(Records supplied Opens)

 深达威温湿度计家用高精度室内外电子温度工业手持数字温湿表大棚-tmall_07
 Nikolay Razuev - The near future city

(Records supplied Closes)
(Records supplied Opens)

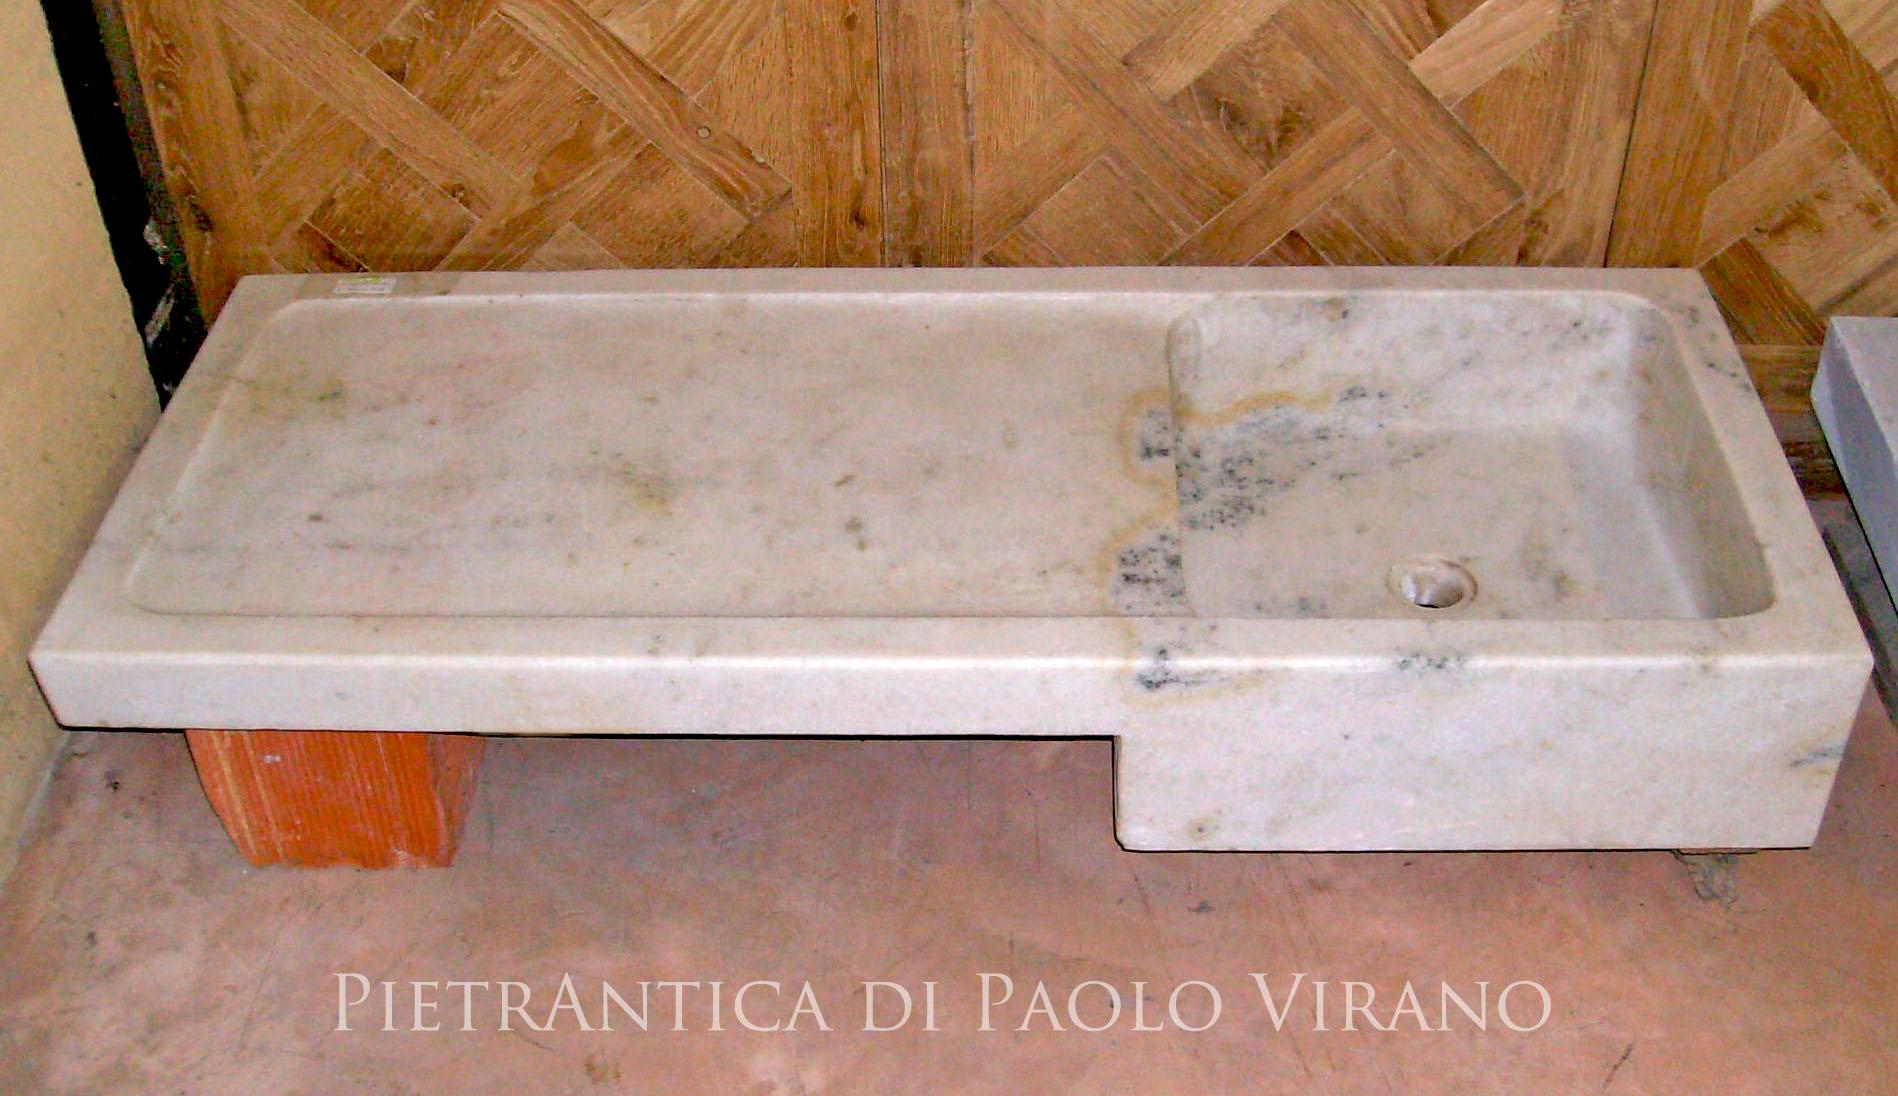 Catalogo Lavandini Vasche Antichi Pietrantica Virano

(Records supplied Closes)

*Task prompt*
Which lines run from the one holding "深达威温湿度计家用高精度室内外电子温度工业手持数字温湿表大棚-tmall_07" through the one holding "Nikolay Razuev - The near future city" in the records above? Repeat them exactly, both included, and nothing more.

*Exercise result*
 深达威温湿度计家用高精度室内外电子温度工业手持数字温湿表大棚-tmall_07
 Nikolay Razuev - The near future city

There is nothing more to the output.